Thread: Improve errors when setting incorrect bounds for SSL protocols

Improve errors when setting incorrect bounds for SSL protocols

From

Michael Paquier

Date:

14 January 2020, 06:54:20

Hi all,
(Daniel G. in CC.)

As discussed on the thread to be able to set the min/max SSL protocols
with libpq, when mixing incorrect bounds the user experience is not
that good:
https://www.postgresql.org/message-id/9CFA34EE-F670-419D-B92C-CB7943A27573@yesql.se

It happens that the error generated with incorrect combinations
depends solely on what OpenSSL thinks is fine, and that's the
following:
psql: error: could not connect to server: SSL error: tlsv1 alert
internal error

It is hard for users to understand what such an error means and how to
act on it.

Please note that OpenSSL 1.1.0 has added two routines to be able to
get the min/max protocols set in a context, called
SSL_CTX_get_min/max_proto_version.  Thinking about older versions of
OpenSSL I think that it is better to use
ssl_protocol_version_to_openssl to do the parsing work.  I also found
that it is easier to check for compatible versions after setting both
bounds in the SSL context, so as there is no need to worry about
invalid values depending on the build of OpenSSL used.

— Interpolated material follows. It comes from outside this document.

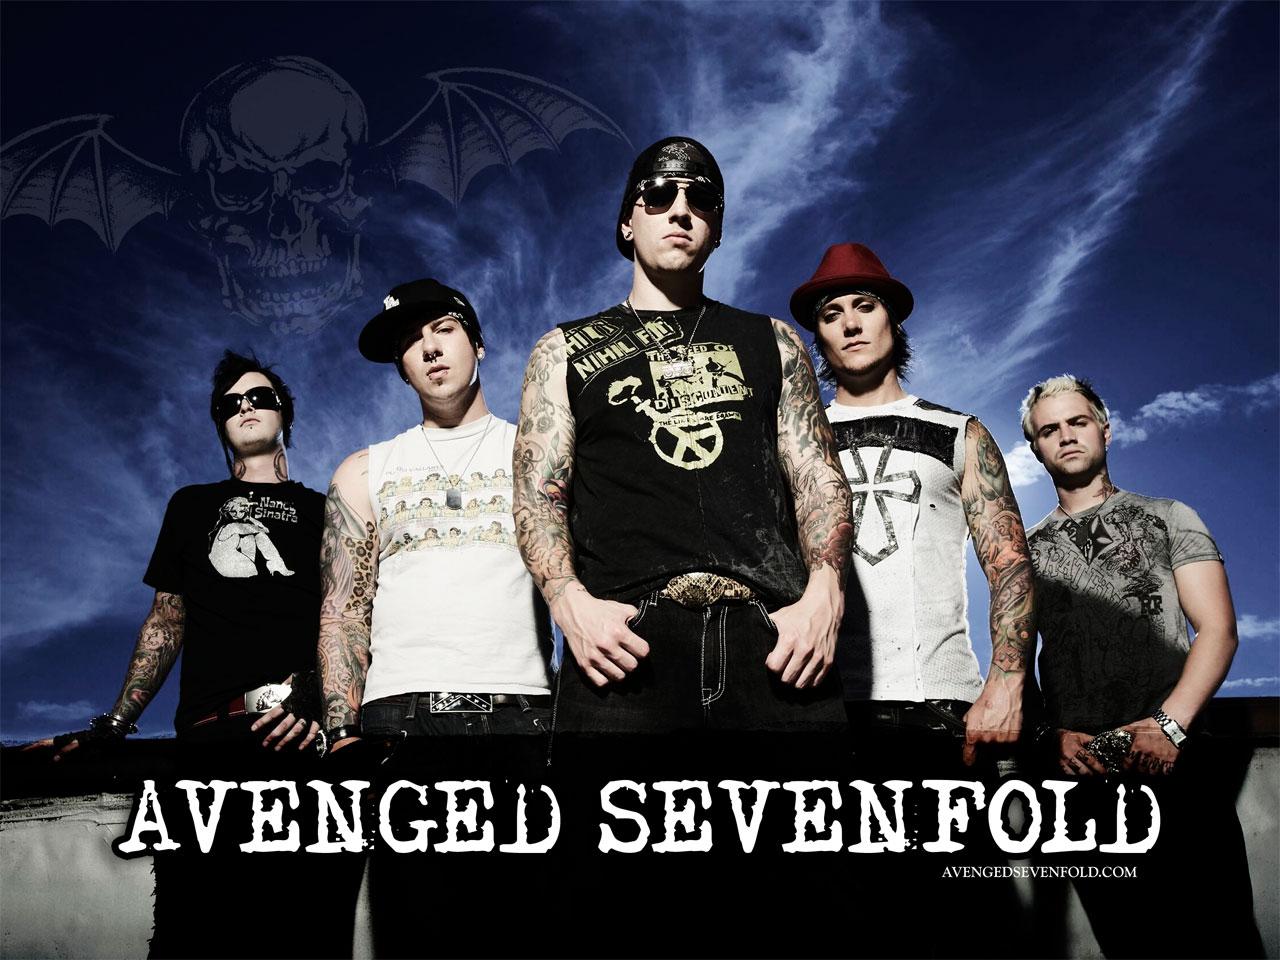 http://2.bp.blogspot.com/-BYsAh4igWbY/TYaKjUcsJgI/AAAAAAAAAMw/r8Rs66Wzl5w/s1600/avenged_sevenfold.jpg

So attached is a patch to improve the detection of incorrect
combinations.  Once applied, we get a complain about an incorrect
version at server startup (FATAL) or reload (LOG).  The patch includes
new regression tests.

Thoughts?
--
Michael

Attachment

Re: Improve errors when setting incorrect bounds for SSL protocols

From

Daniel Gustafsson

Date:

14 January 2020, 13:21:53

> On 14 Jan 2020, at 04:54, Michael Paquier <michael@paquier.xyz> wrote:
>
> Hi all,
> (Daniel G. in CC.)
>
> As discussed on the thread to be able to set the min/max SSL protocols
> with libpq, when mixing incorrect bounds the user experience is not
> that good:
> https://www.postgresql.org/message-id/9CFA34EE-F670-419D-B92C-CB7943A27573@yesql.se
>
> It happens that the error generated with incorrect combinations
> depends solely on what OpenSSL thinks is fine, and that's the
> following:
> psql: error: could not connect to server: SSL error: tlsv1 alert
> internal error
>
> It is hard for users to understand what such an error means and how to
> act on it.

Correct, it's an easy mistake to make but based on the error it might take some
time to figure it out.

> Please note that OpenSSL 1.1.0 has added two routines to be able to
> get the min/max protocols set in a context, called
> SSL_CTX_get_min/max_proto_version.  Thinking about older versions of
> OpenSSL I think that it is better to use
> ssl_protocol_version_to_openssl to do the parsing work.  I also found
> that it is easier to check for compatible versions after setting both
> bounds in the SSL context, so as there is no need to worry about
> invalid values depending on the build of OpenSSL used.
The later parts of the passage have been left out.